Brasil 2022: se em 2018 o horizonte era assustador, hoje o cenário é devastador. A promessa de destruição se tornou realidade e segue apresentando, todos os dias, o risco de destruir o que resta do país. É um projeto de destruição da democracia “por dentro”. Já fez desmoronar as políticas ambientais, culturais e científicas e as políticas anticorrupção. Pretende destruir importantes políticas de inclusão, como as cotas para negros, e incluir políticas que trarão mais mortes, como a ampliação do porte de armas e um conceito de excludente de ilicitude mais amplo. Visa tornar a democracia impossível pela própria destruição dos dados sobre o país.
Os governos anteriores têm sua parcela de responsabilidade nesse cenário. Sabemos que chegamos aqui por conta da falta de escuta a demandas muito concretas de um Brasil que muito mudou desde o 1o governo de Luís Inácio Lula da Silva. Essas demandas não foram escutadas nas manifestações de 2013 e seguiram não sendo escutadas desde então. Precisamos de novas escutas, que levem em conta as lutas por novos direitos e ao mesmo tempo a procura emergente por segurança e valores diante das violentas transformações do mundo.
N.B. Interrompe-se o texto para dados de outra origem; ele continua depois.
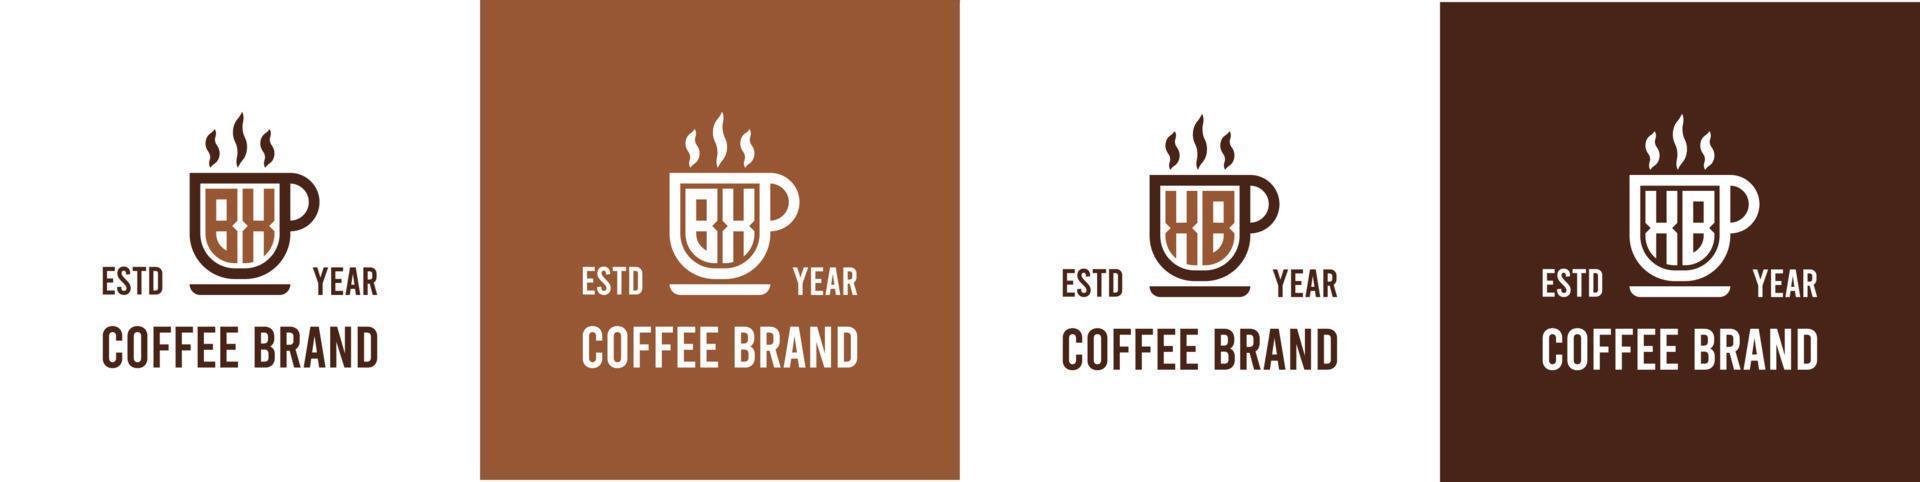 carta bx e xb café logotipo, adequado para qualquer o negócio relacionado para café, chá, ou de outros com bx ou xb iniciais. vetor

Sabemos de tudo isso e, evidentemente, é difícil imaginar que, para sair disso tudo, tenhamos de votar em tudo isso que parece o mesmo, mas já não é. É, portanto, precisamente sobre isso que precisamos conversar. Nos últimos dias, várias personalidades políticas do campo democrático se manifestaram a favor de Lula. Algumas se manifestaram desde o início por oportunidade eleitoral, outras se manifestaram mais recentemente diante dos resultados do 1o turno que sinalizam não apenas uma possibilidade de vitória de Jair Bolsonaro como, muito concretamente, o avanço do bolsonarismo: nascido no Rio de Janeiro e armado até os dentes, o fenômeno se expandiu a nível nacional, com penetração em todos os poderes, e chega a preocupar num cenário internacional extremamente conturbado por ameaças à democracia inclusive pela guerra.
Estamos falando de Marina Silva, de Fernando Henrique Cardoso, dos economistas que fabricaram o “plano Real” e, sobretudo, de Ciro Gomes e de Simone Tebet. A partir de cada caminhada até esse momento histórico que são as eleições de 2022, cada um expressou sua rejeição ao governo Bolsonaro, seja indiretamente aderindo à decisão do partido seja muito diretamente apresentando propostas para um eventual governo Lula. No jogo da democracia representativa, esses posicionamentos são fundamentais tanto para o 2o turno quanto para os enfrentamentos do futuro, mas são insuficientes sem os posicionamentos da sociedade, de todos e cada um de nós.
O voto contra Bolsonaro é um ato de justiça: se pensarmos que o voto deve colocar na balança o “mal menor” contra o “mal maior”, o voto contra Bolsonaro afirma que os R$ 600,00 do Auxílio Brasil jamais pagarão a dívida de mais de 600.000 mortos brasileiros. O voto contra Bolsonaro é um ato de justiça por todos os brasileiros que se foram sem vacina, sem oxigênio, sem tratamento adequado e no sofrimento.
O voto contra Bolsonaro não é um ato de fé em Lula. Não se trata de um voto de devoto e tampouco de um voto de esperança, não se deve esperar do campo hegemônico da esquerda, com seu partido e candidato à Presidência qualquer ato de contrição.
Não se deve esperar nada e sim exigir muito.
O posicionamento contra Bolsonaro com voto em Lula é um ato político, ou seja, um ato para fazer valer seu voto: votar em Lula para poder cobrar nos palanques, nas ruas, no Congresso; votar em Lula para exigir participação na elaboração de um projeto que sequer mostrou a sua cara tamanha são as dificuldades de composição ou recomposição de uma frente ampla democrática, sem hegemonia partidária. As alternativas não vieram de uma 3a via convencional e tampouco de experimentos políticos de democracia direta. As alternativas simplesmente não vieram, mas quem sabe poderão emergir agora, diante da urgência e por outras táticas.
É preciso coragem e relançar os dados, todos os dados! O jogo não está dado. Relançar os dados com coragem política é votar em Lula contra Bolsonaro. É um ato político, mas também um gesto afetivo para criar novas alianças e mesmo amizades políticas e novas relações para o futuro.